Lack of feedback on errors during testing is a recurring problem for me. This is not related to state expiration, but I have a habit of using the try_foo client methods in my tests so that I can handle errors, and have recommended others do this, but this has a problem: the fidelity of the errors that come out of these calls is almost too low to be useful. e.g. if I call the foo method and the call panics I will (i think) see a diagnostics dump that is somewhat useful; but the results from try_foo just contain an ScError code, and that code has in some cases been "sanitized" so that (as I recall) internal runtime errors are mostly not exposed to the user.

I hit this problem last week as well.

I ran into a new problem kind of related to state expiration testing tonight, though it's late and I don't fully understand it. As I've mentioned before I recreate the Env each simulated "transaction" while advancing time; by exporting and importing a snapshot; and while I do the the snapshot, I also purge expired storage, which is necessary to avoid panics in the runtime.

I recently discovered though that every fresh Env has a prng seed of 0, and this can cause problem with mocked recording auths (a subject I don't know anything about), where identical nonces are generated across multiple Env's, triggering an error.

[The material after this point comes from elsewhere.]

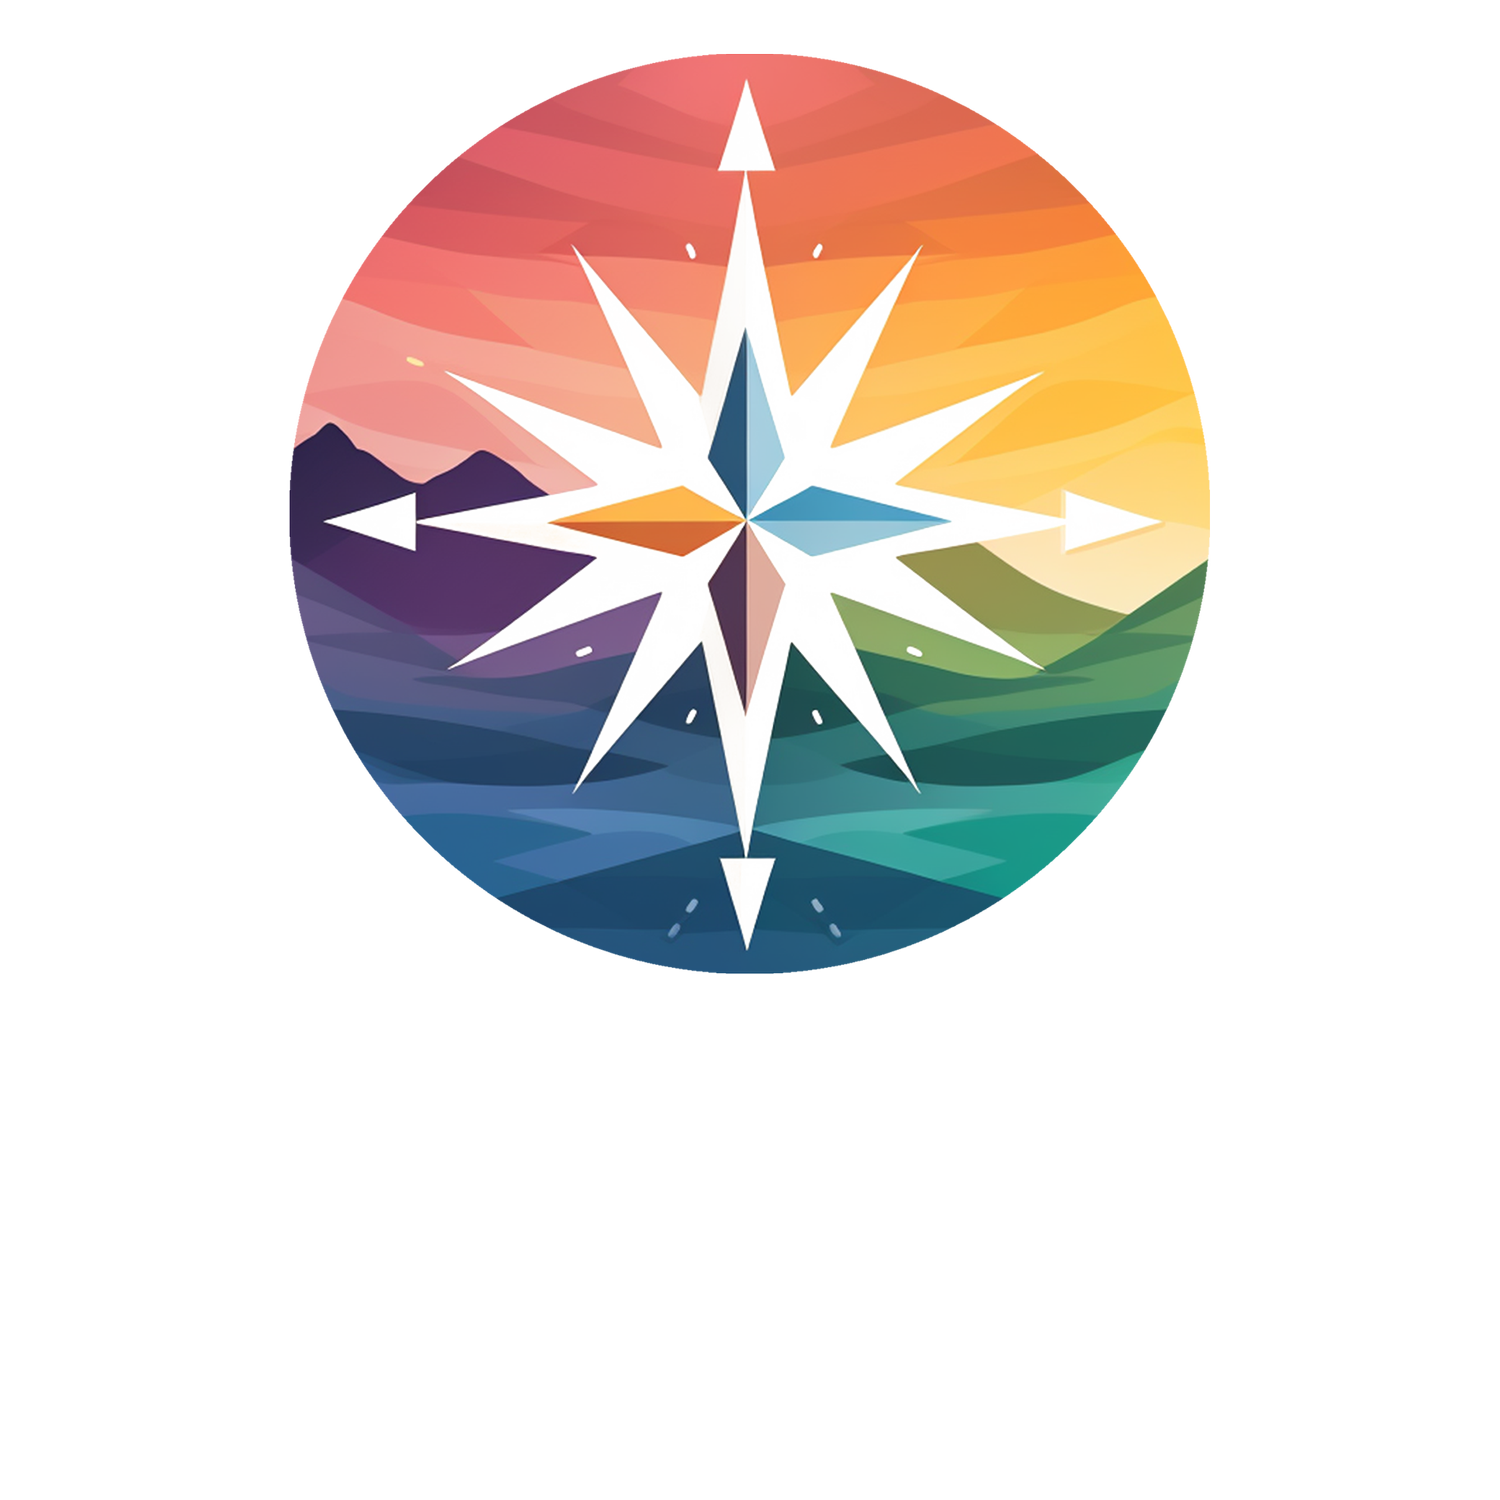 Lesbifriends Travel

I hadn't seen this previously presumably because I was manually generating the needed auths, with unique nonces, but for some recent code I was writing the correct auths are complicated so I was just calling mock_all_auths, and the call ended up generating multiple identical nonces on the AccountAuthorizationTracker::new_recording code path, due to the reused 0 base prng seed.

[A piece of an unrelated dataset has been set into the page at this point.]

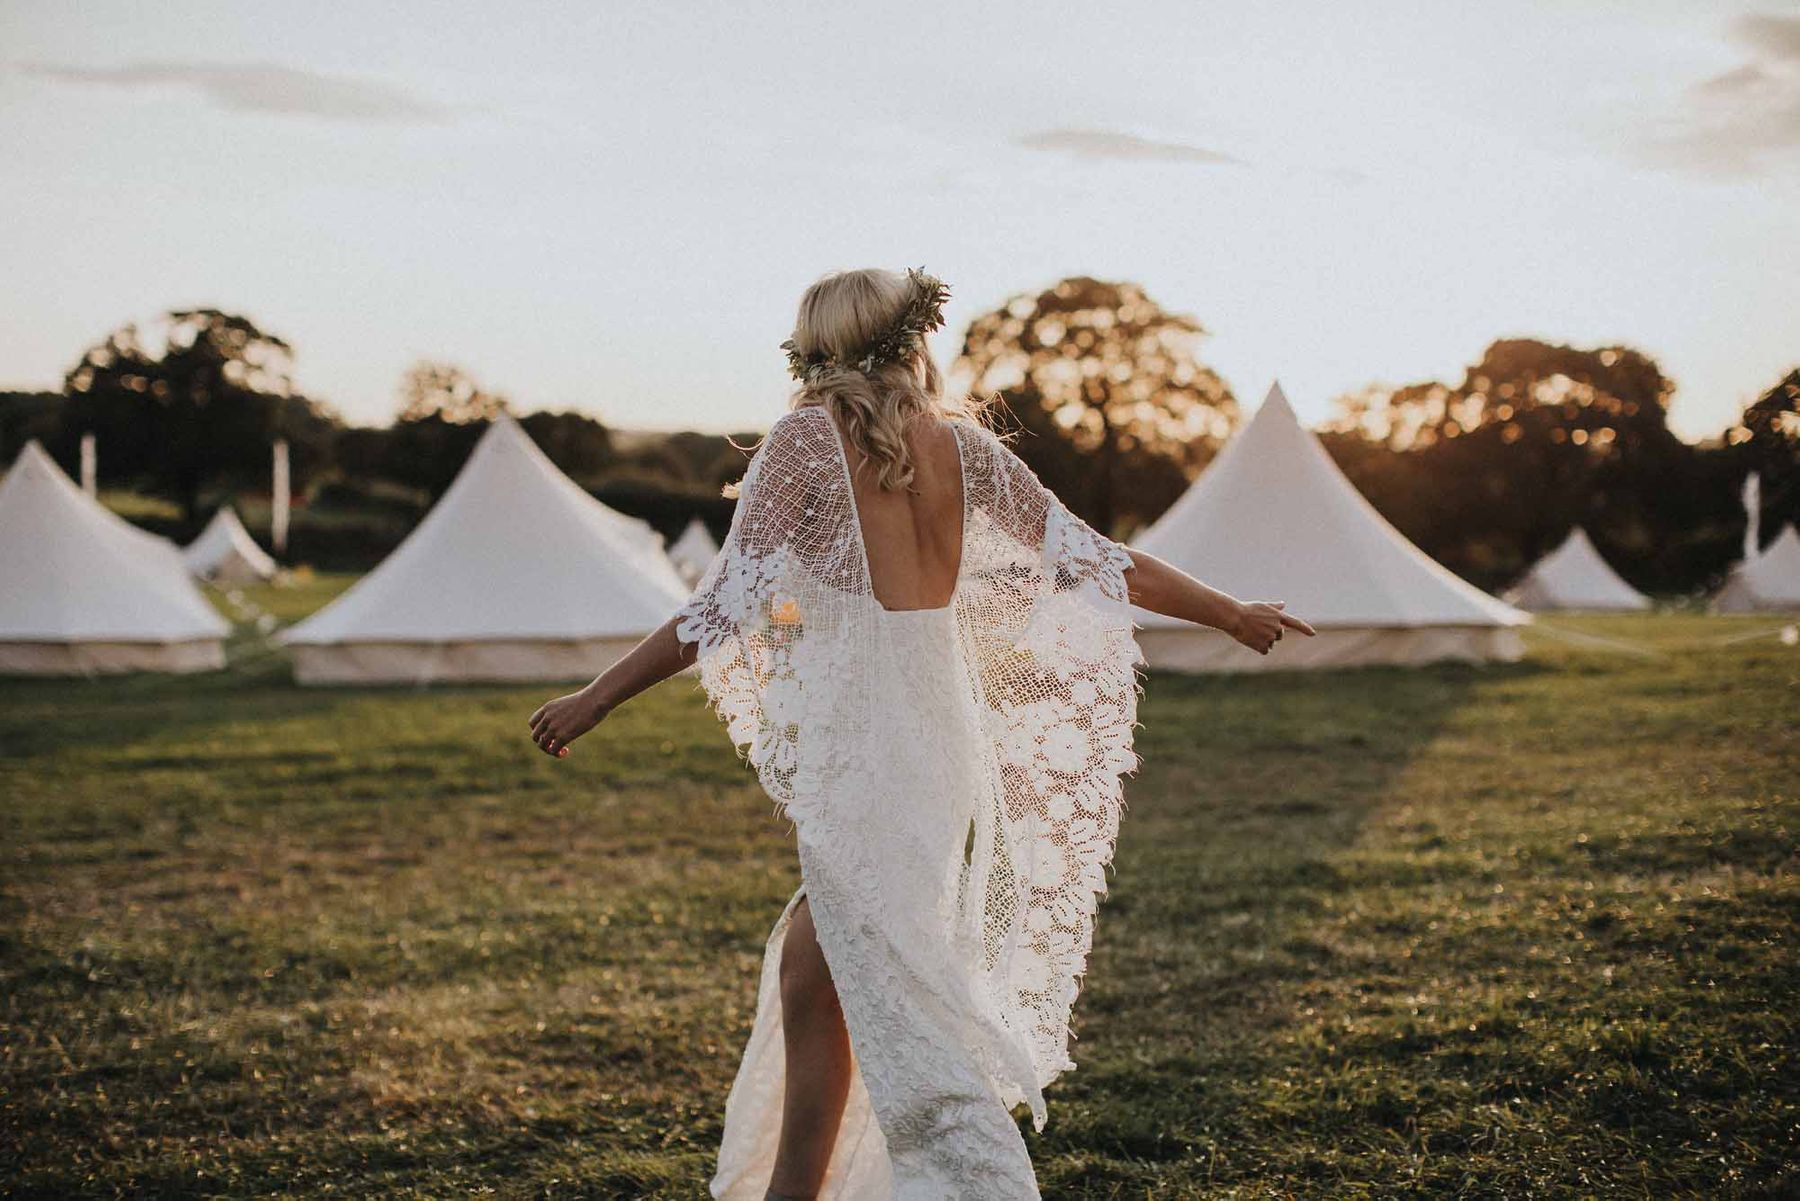 Festival Inspired Wedding With Outdoor Ceremony Images Matt Horan

I'm presently working around this with a patch to the SDK that allows setting the base prng, but I need to sleep on it now and understand it better.

Ah. I can see how that would be a problem.

The base prng was set to 0 to make tests reproducible, largely because we take snapshots on every test run to quckly be able to detect divergence in behavior with sdk upgrades and protocol changes.

We could try and some up with a smart scheme for the env base prng, where it's 1, then 2, etc. Still predictable.

Anotehr option is using the env snapshot instead of a ledger snapshot. I don't love that we have both, but an env snapshot will capture more of the Env's test state. You can get to it by using env.to_snapshot() instead of env.to_ledger_snapshot(). The env snapshot doesn't hold a copy of the base prng right now, but it was be reasonable to add it.

Separately I think we need to address the issue of testing time advancement and expiring storage. If we did that this presumedly wouldn't be an issue external to the env.